15. Back home, I tried to get a filling replaced free of charge at a RAM clinic in 2006. Didn’t work. I went to a local dentist. Because dental care was still usually not managed by the insurance industry, I paid a little over $100, cash, same day. "My" current dentist is White, male, baby-boomer age...I'm not sure whether his name is English or something else.
So there are sixteen of the nicest people I hope I never need to see again. Crunchy numbers for the bean-counters: White-not-Hispanic, 9; Hispanic, 1; Asian, 2; African, 1; African-American, 2; Afro-Caribbean, 1. Male, 11; female, 5.
There used to be people who thought a Real Doctor should look like the characters on certain old TV shows: White, male, about fifty, graying hair, domineering personality. I don’t think my generation hold those stereotypes—for one thing few of us would have seen those TV shows. Some providers of medical care who happen to be White, male, and about fifty also happen to be competent.

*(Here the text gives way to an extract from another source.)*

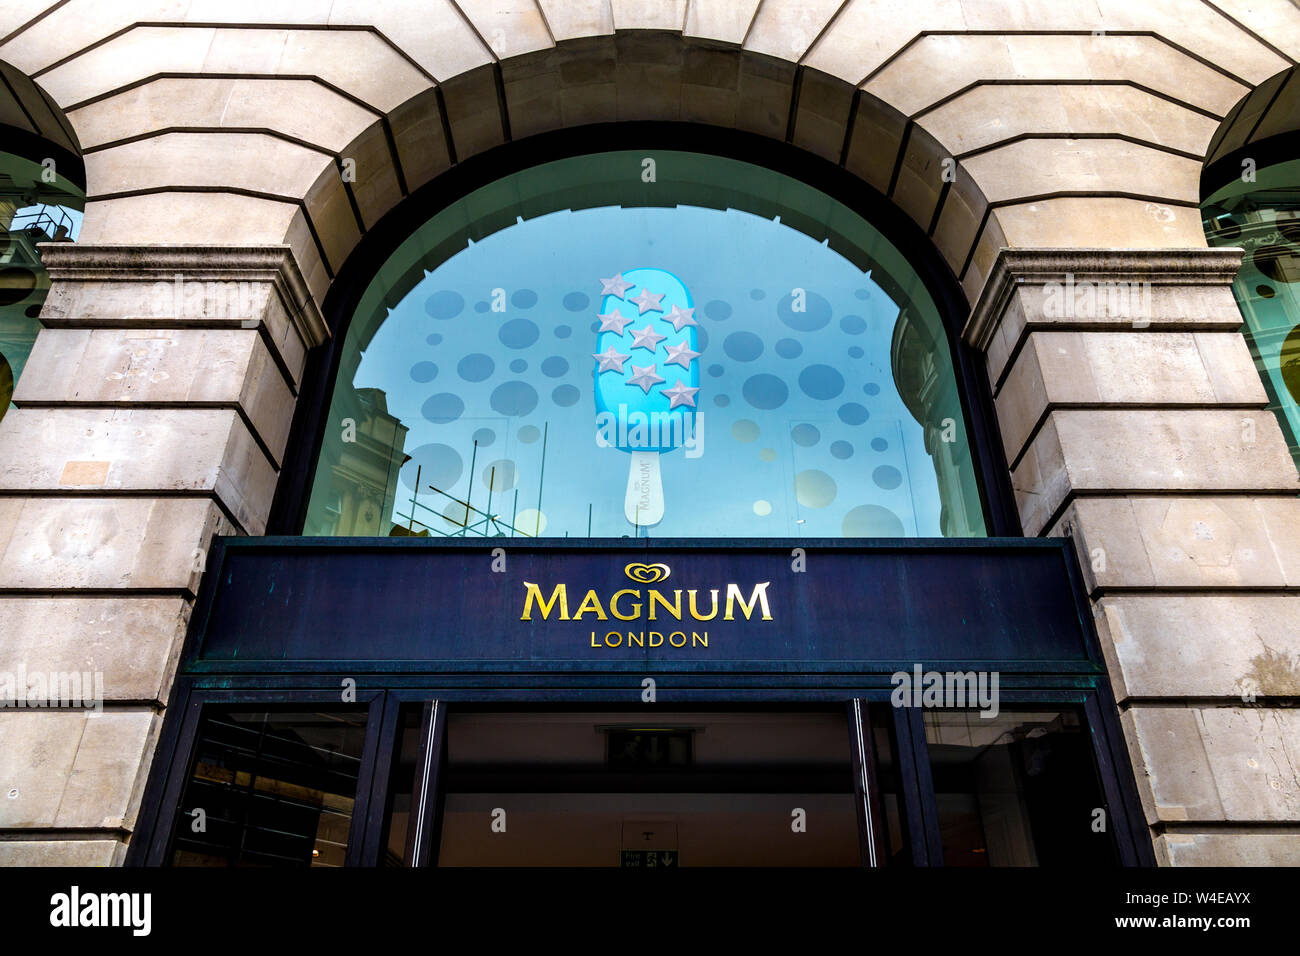 L'extérieur de la boutique plaisir Magnum dans Piccadilly, Londres, UK Banque D'Images

Personally, I’m more concerned about competence, respectfulness, honesty, and a person's overall approach to whatever kind of medical care s/he provides, than I am about a practitioner’s physical type. Good things come in all kinds of packages but I'm not convinced that good things come in a package of pills that treat symptoms, if they do that, rather than the practitioner taking time to observe and treat the actual disease.
Allopathic physicians outnumber naturopathic (and homeopathic and "alternative") physicians because a lot of people seem to prefer the allopathic approach. I say good luck to them and let them have it, but I do not intend to let some bean-counter call me a bigot just because I'm not interested in allopathic medicine.